The appellant corporation, the Steamboat Canal Company, is a public utility engaged in the business of delivering water from the Truckee River, through its canal, known as the Steamboat Canal, to a number of users for agricultural and other purposes. In a former year the public service commission of Nevada had established the rate for the delivery and sale of water to such users at $6.50 per miner’s inch per annum, and when paid in [303]*303advance on or before June 1 of .each year at $6 per miner’s inch. On or before May 18, 1918, the Steamboat Canal Company filed with the public service commission a schedule of rates, and therein established a rate of $10 per miner’s inch for the the irrigation season. The public service commission entered an order suspending the proposed rate for a period of sixty days, and cited the Steamboat Canal Company to appear and show cause why the rates in force should be increased. A number of water users served by the company filed a protest against the proposed increase in rates, and upon issue thus made a hearing was held before the commission, at which all parties interested appeared, in person or by attorney. During the pendency of the proceedings before the commission the rate proposed was suspended by its order for an additional sixty days. The hearing commenced on the 5th day of August, 1918. It was thereafter continued to October 8, and closed on October 9, 1918. Thereafter, on December 4, 1918, the commission entered an order denying the application of the Steamboat Canal Company for an increase in rates for water service to $10 per inch, and- ordered that the rate be established at $7.50 per miner’s inch for irrigation purposes for the season of 1918 and each successive year, unless otherwise ordered by the commission. It was also ordered that, if prepayment should be made on ■or before June 1 of each year, the charge should be $7.25 per inch.

The protestants, being dissatisfied with the ruling of the commission, commenced this action in the district court against J. F. Shaughnessy and W. H. Simmons, as the public service commission of Nevada, and the Steamboat Canal Company, and obtained an order of the court granting an injunction pendente lite restraining the enforcement or collection of the rate of $7.50 per miner’s inch designated by the order of the commission, or collection of any greater rate than $6.50 per miner’s inch. From the order granting the temporary injunction this appeal is taken.

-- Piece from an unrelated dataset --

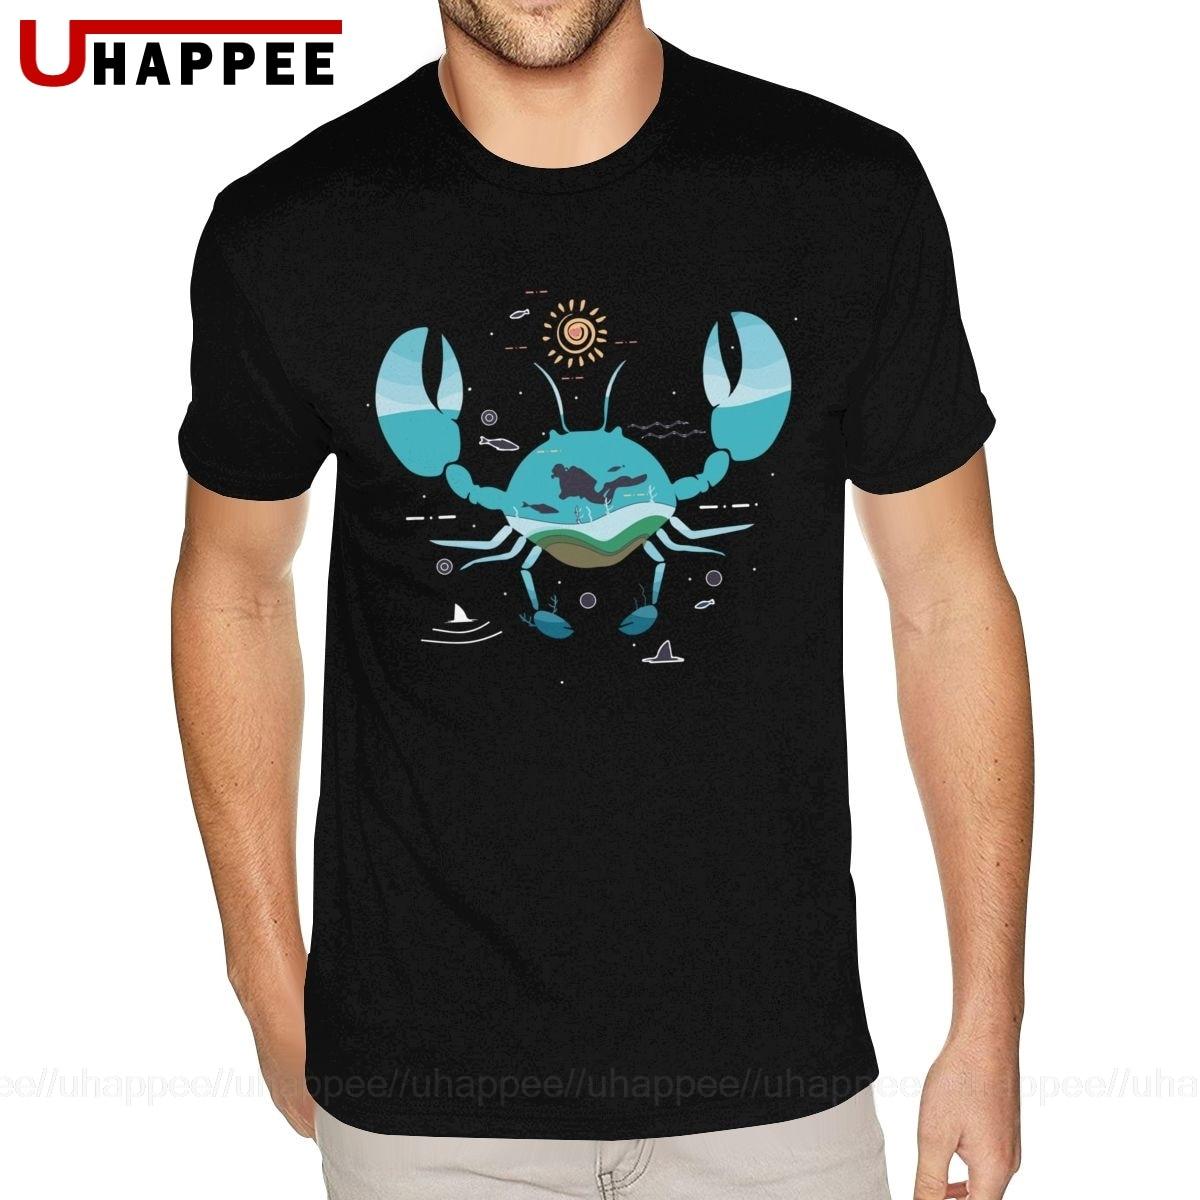 Big Tall Crab Tees Men S Grunge Fashion Designers Short Sleeves Men Summer T Shirts 1990s Clothing T Shirts Aliexpress

[304]*3041. This action was commenced pursuant to section 26 of an act making the railroad commission of Nevada ex officio a public service commission for the regulation and control of certain public utilities, prescribing the manner in which such public utilities shall be regulated, etc., approved March 23, 1911 (Stats. 1911, c. 162) ; but the respondents contend that the disposition of the appeal must be controlled by the provisions of “An act defining public utilities,” etc., approved March 28, 1919 (Stats. 1919, c. 109), for the reason that it expressly repeals the former act. If this contention were correct, we do not see how it could alter our decision, for the reason that all of the provisions in the former act having any application to the facts of this case have been reenacted in the latter act, and no additional provisions enacted therein have any bearing on the issue. But it is not correct to say that the law of 1919 controls this appeal. All of the facts of the case transpired before it became effective, and furthermore express provision is made in section 44 of the law of 1919 that the repeal of the former act shall not “affect any act done, right established, or prosecution or proceeding commenced under and by virtue of” it.

2. Respondents assert that the order of the public service commission is void, because no authority is given it by law to regulate the affairs of the Steamboat Canal Company, in that its canal, through which respon-dents are served with water, does not come within the meaning of the words “plant” or “equipment,” used in the statute in defining certain public utilities over which the commission is given supervision. It is conceded that the statute does not otherwise designate the company’s property as a public utility. It will be observed that this contention is a radical ■ departure from the complaint, in which the legal right of the commission to supervise and establish water rates for the Steamboat Canal Company is distinctly recognized. In this respect it is alleged in the complaint that the public service commission has authority to fix reasonable rates for [305]*305public utilities operating within the state; that the Steamboat Canal Company is a public utility engaged in the delivery of water for agricultural and other purposes within this state; that the rate heretofore fixed by the public service commission by an order duly made and entered pursuant to law is $6.50 per miner’s inch, and that the same is still in force. It is thus seen that respondents have formally asserted in their verified complaint the authority of the public service commission to supervise the water rates of the company, which it now contests. While the statute must control as the source of authority for the commission in this regard, the power to do an act should not be alleged by a party in his pleading and denied by him on appeal.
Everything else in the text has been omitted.